Create a non-profit website that provides information on your most recent fundraisers and events and informs people how they can sponsor an event and how their donations can make a difference.
Once you’ve secured your domain and web hosting, purchase a WordPress template or have a web designer create one for you. Then ensure that the website works on different web browsers, and the page speed is fast.
To see a fully responsive site, be sure to check out this article from Craig Kielburger that was featured on YesMagazine.

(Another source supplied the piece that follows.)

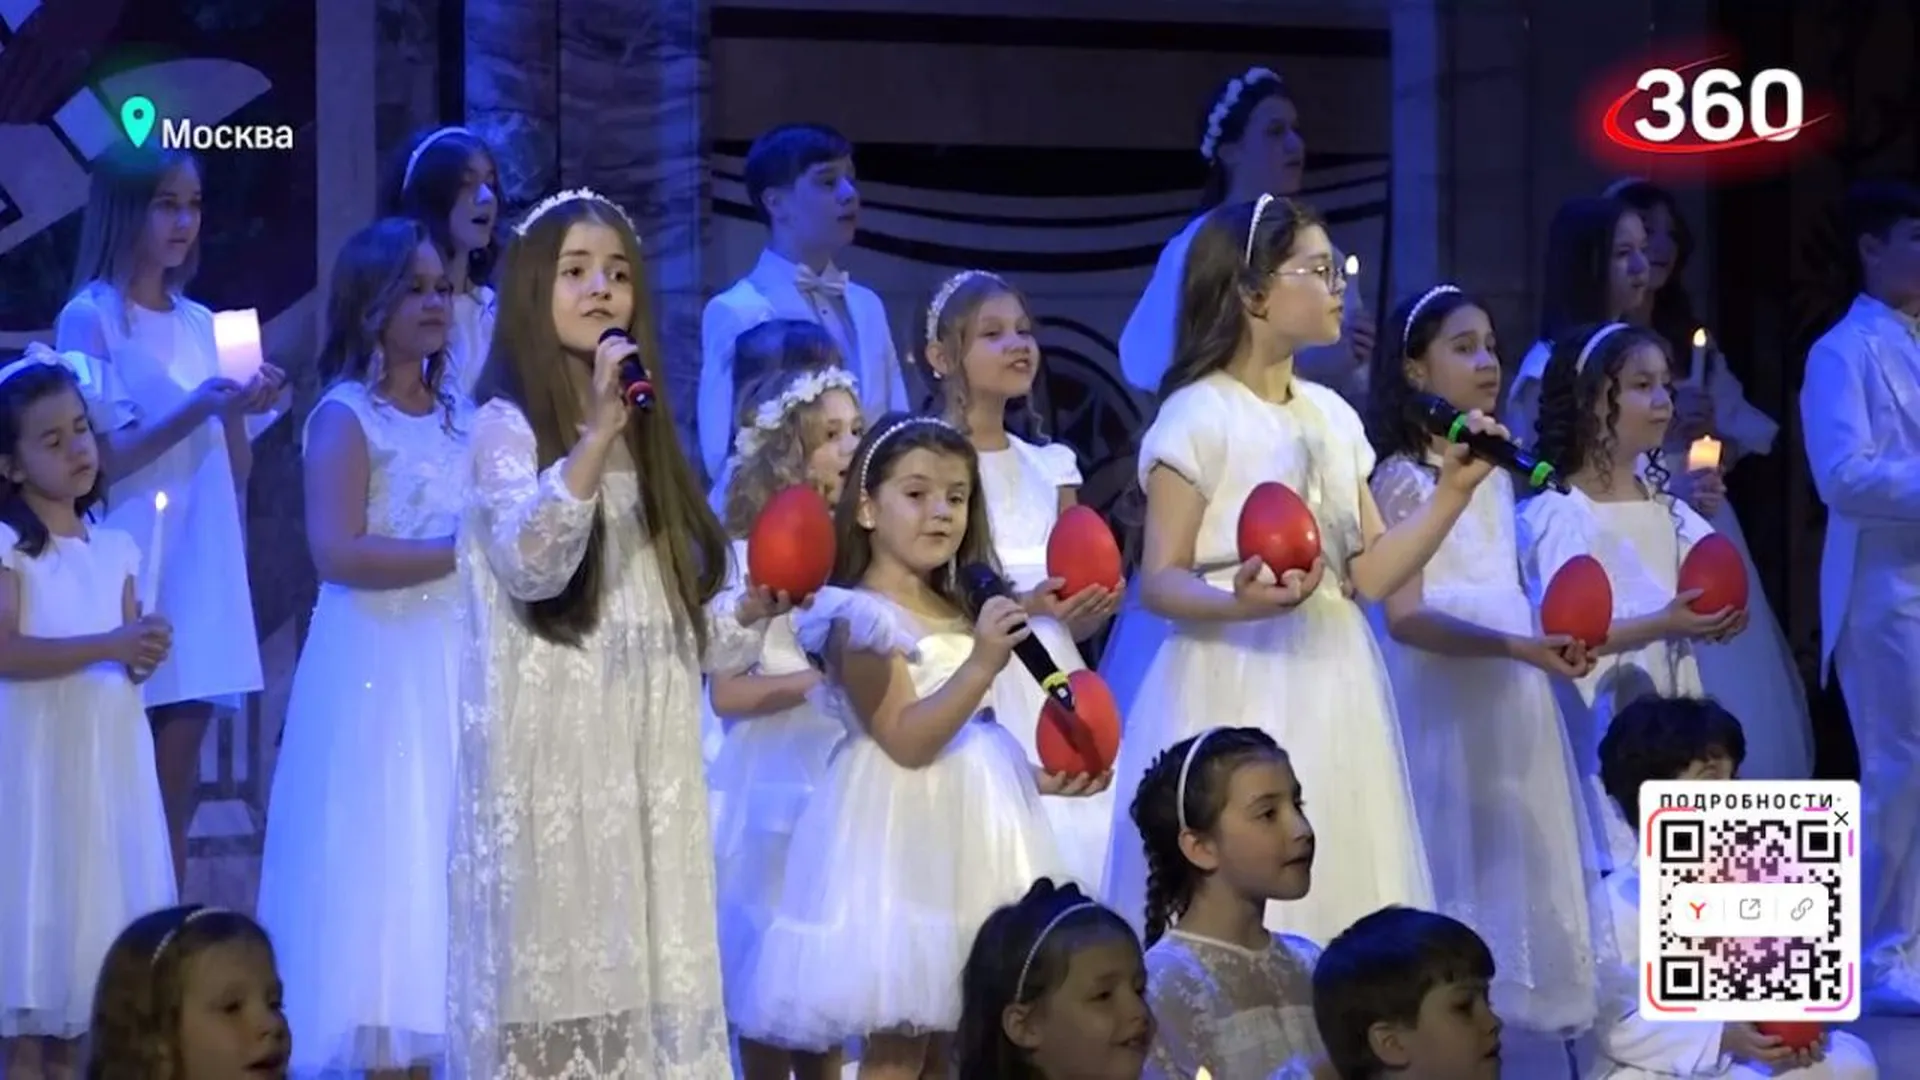 «Пасхальная радость». В храме Христа Спасителя прошел благотворительный концерт для детей

People today, more than ever, require proof that you can be trusted before donating. To demonstrate that your organization is credible and reliable, and deserving of their donation, you should consider including trust and social proof elements when designing your charity website, another trait of a great-looking charity website. Example of social proof elements to add to your website include:
- High ratings from watchdog organizations
- High profile endorsements
- Number of years in operation
- Links to social networks or feeds
You should never underestimate the power of your website as a charity or non-profit organization. Giving clear information about what you do, who you do it for, and how you use donations can help persuade more people to donate and get involved.